As U.S. Secretary of Defense James Mattis tours Europe delivering a message of tough love to NATO allies — increase spending or see the U.S. “moderate” its support — the poll shows the world’s gradual political reorganization around different security poles, according to Kancho Stoychev, vice president of WIN/Gallup International.

“It isn’t surprising that Russians and Chinese chose each other, but it is new,” said Stoychev. “It shows us something very important — that U.S. policy over the last 20 years has driven Russia into the arms of China, which is quite strange because Russia is fundamentally a part of Europe.”
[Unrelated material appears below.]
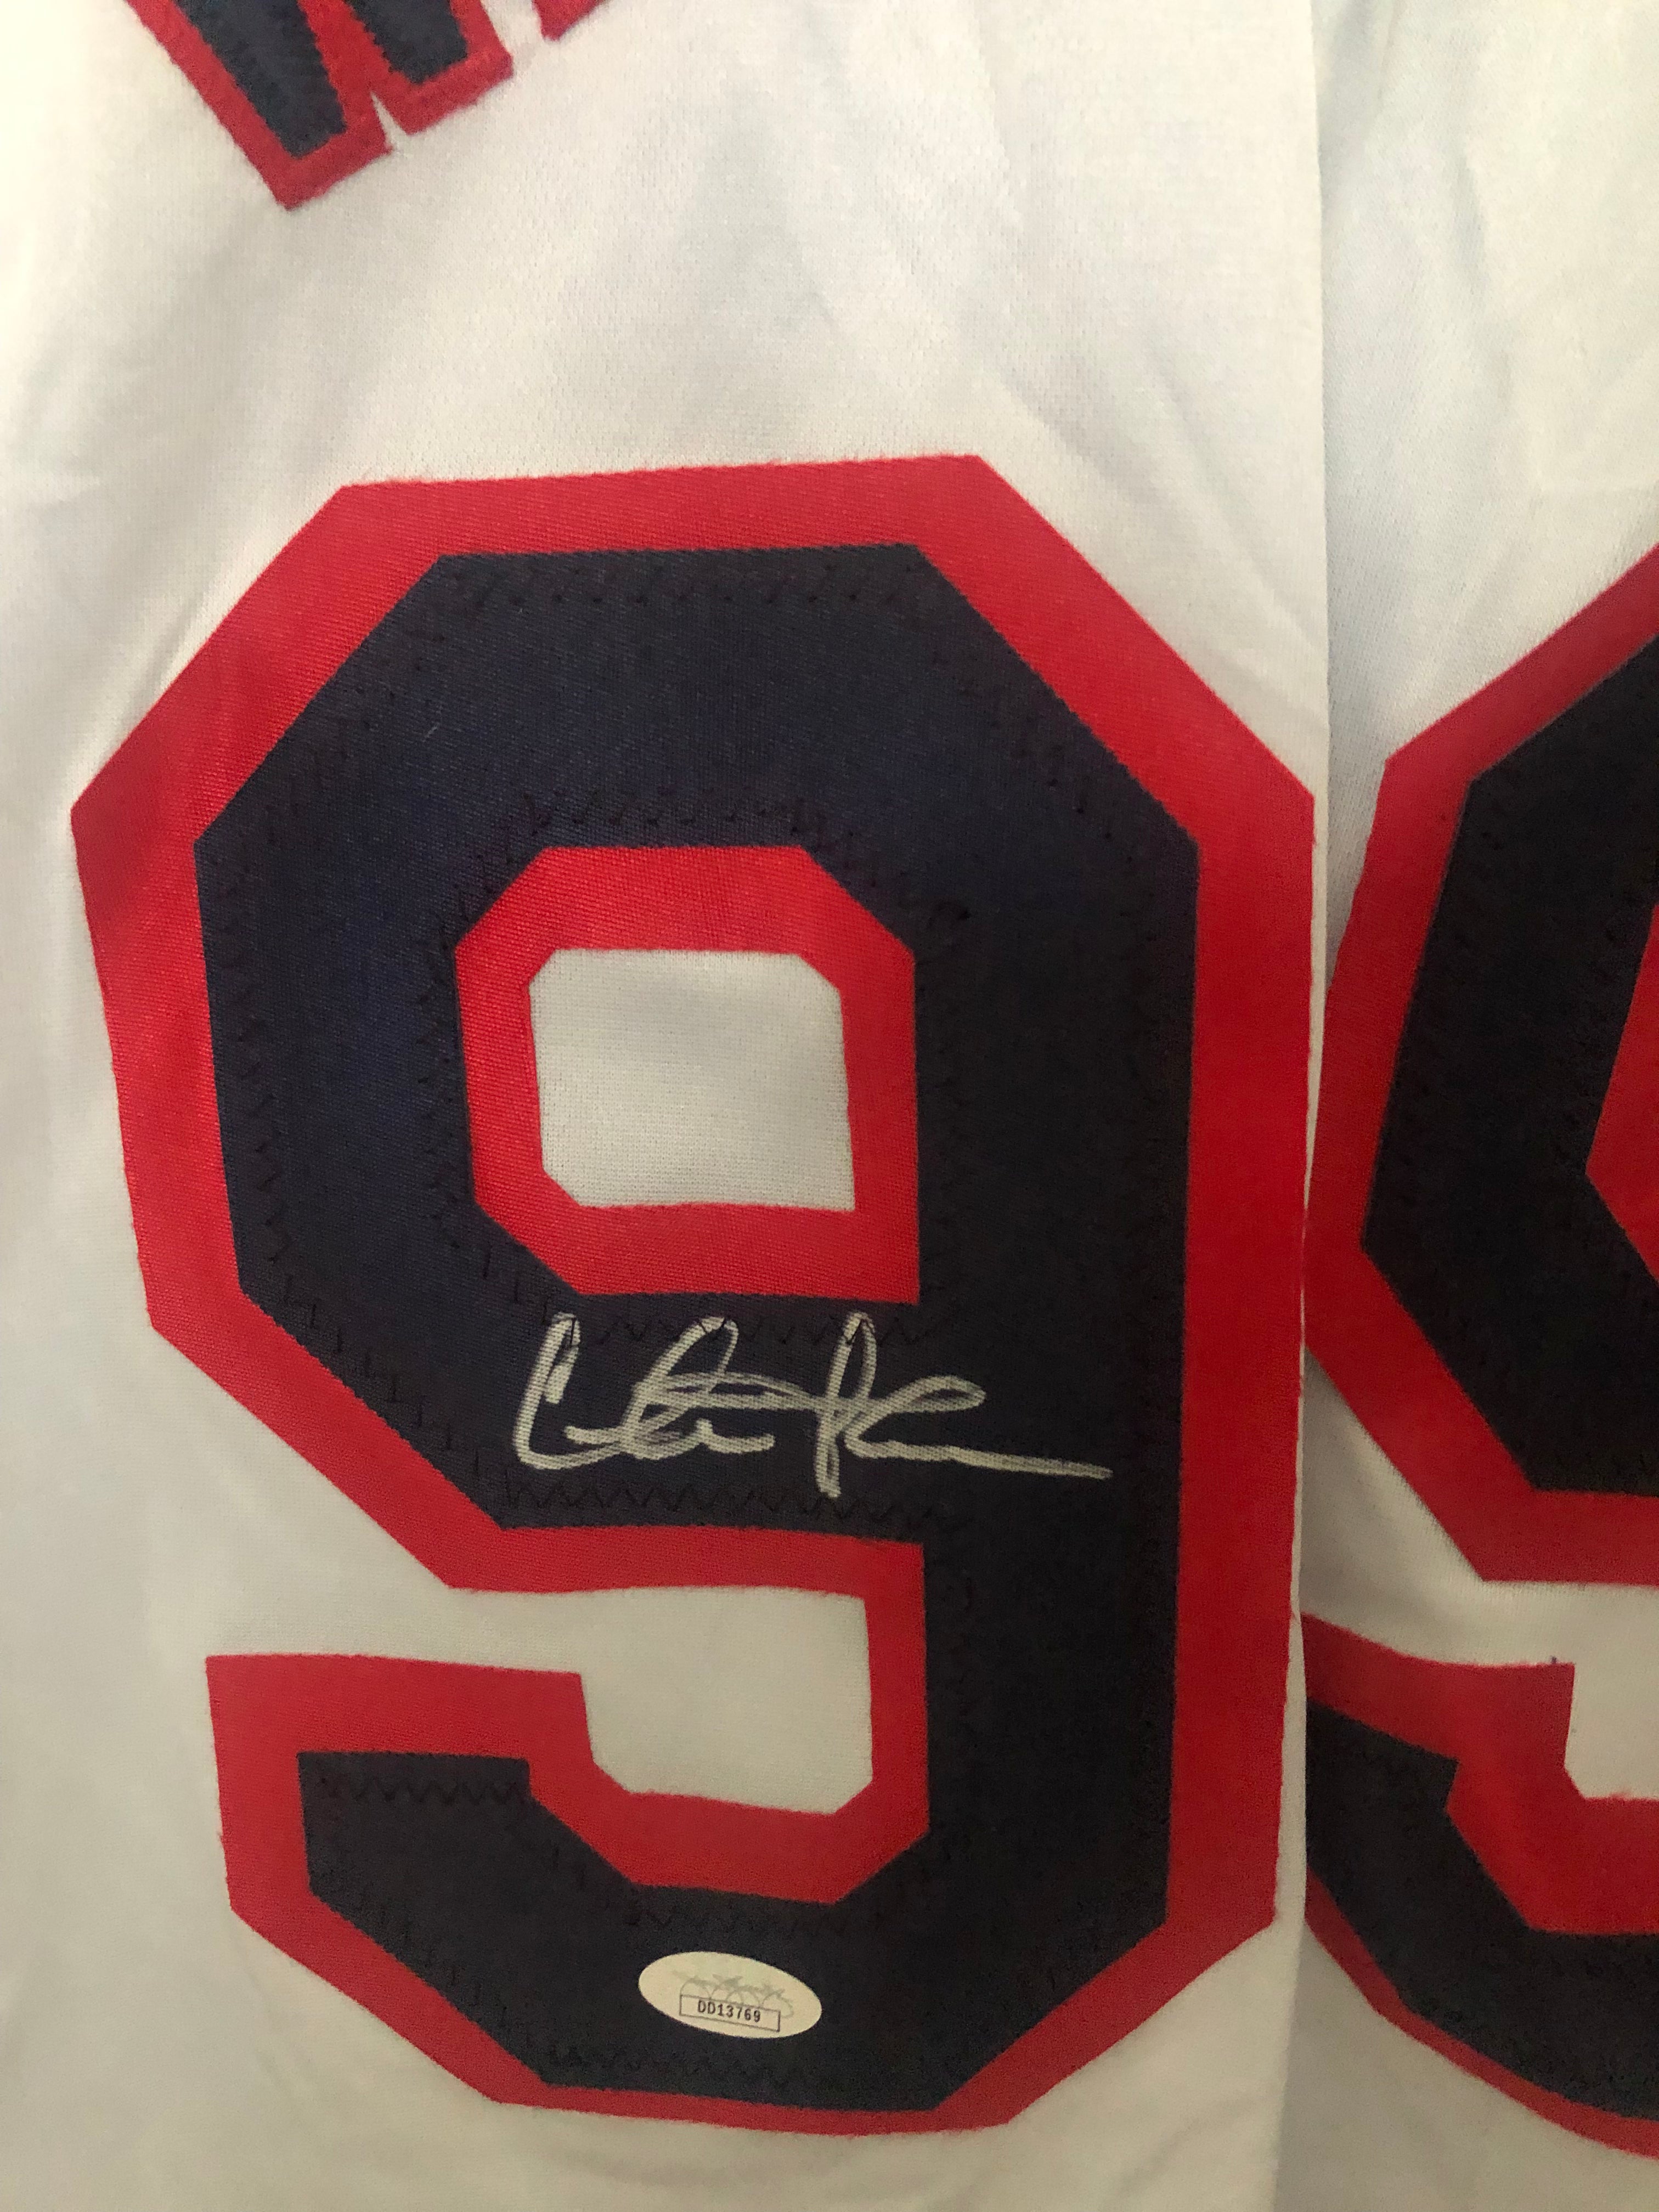 Jon Lester Signed Boston Red Sox Jersey JSA Size XL

At the same time, some of the results in European NATO countries showed how their fundamental security choices were moving beyond the alliance, he said. Bulgaria and Greece, for example, see their biggest security threat coming from Turkey. Although Turkey is also a NATO member and so theoretically an ally, its invasion and occupation of Northern Cyprus in 1974 showed that these countries cannot rely on NATO to protect them, so they look to Russia.

Similarly, in Western Europe, some NATO members are increasingly looking to other Europeans for security, according to Stoychev. Although 30 percent of Belgians chose the U.S. in the survey, more chose European partners — 25 percent France and 12 percent the U.K. — while almost as many Swedes chose the U.K. (29 percent) as the U.S. (31 percent).

Chancellor Angela Merkel, who is due to address the Munich conference on Saturday and then meet with Vice President Mike Pence, warned the U.S. against retreating from its global role and insisted that NATO has been a source of American strength. Speaking to reporters in Berlin, she said that Germany is committed to eventually reaching the 2 percent of gross domestic product target, yet “questions of development aid, crisis prevention and others are just as important.”

While political and economic realities mean it will take years for most NATO allies to meet the 2 percent target that Mattis is demanding, “the Europeans are scared to death” by the possibility that NATO might crumble at a time when Russia has become increasingly assertive, said James Davis, dean of the school of economics and science at Switzerland’s St. Gallen University, speaking in the margins of the annual Munich Security Conference.

“If you know anything about the history of the last 200 years in Europe, this week’s announcement that the Romanians and Czechs are going to put core military units under German command is kind of shocking,” said Davis.

Yet while those fears should drive NATO members together, there are so many different threat perceptions and other forces pulling it apart that it may not happen, said Davis. He noted that the Gallup poll also broadly reflects a divide between the Orthodox Christian world and Western Christianity, with Orthodox Greece and Bulgaria opting for Russia, while Ukraine and Bosnia Herzegovina — which are also religiously divided — split down the middle.

Catholic Slovenia, which largely escaped the brutal wars that accompanied the dismembering of Yugoslavia in the 1990s, was an exception in narrowly opting for Russia. So was Romania, a mainly Orthodox Christian nation that picked the U.S. But these shifts and fractures are spreading well beyond the Balkans, according to Davis.

“When I teach I have 18 year old students in front of me and I can tell you that the good old days when there was solidarity in the face of a Soviet threat is ancient history to them,” said Davis. He added that acceptance in European populations that the U.S. should play a leading global role had eroded badly as a result of the Iraq war and could well erode further with Trump in the White House.

WIN/Gallup International — which is not related to U.S.-based Gallup Inc. — polled about 1,000 people in each of 66 countries around the world, between October and December 2016. The survey’s margin of error was plus or minus 3.5 to 5 percent.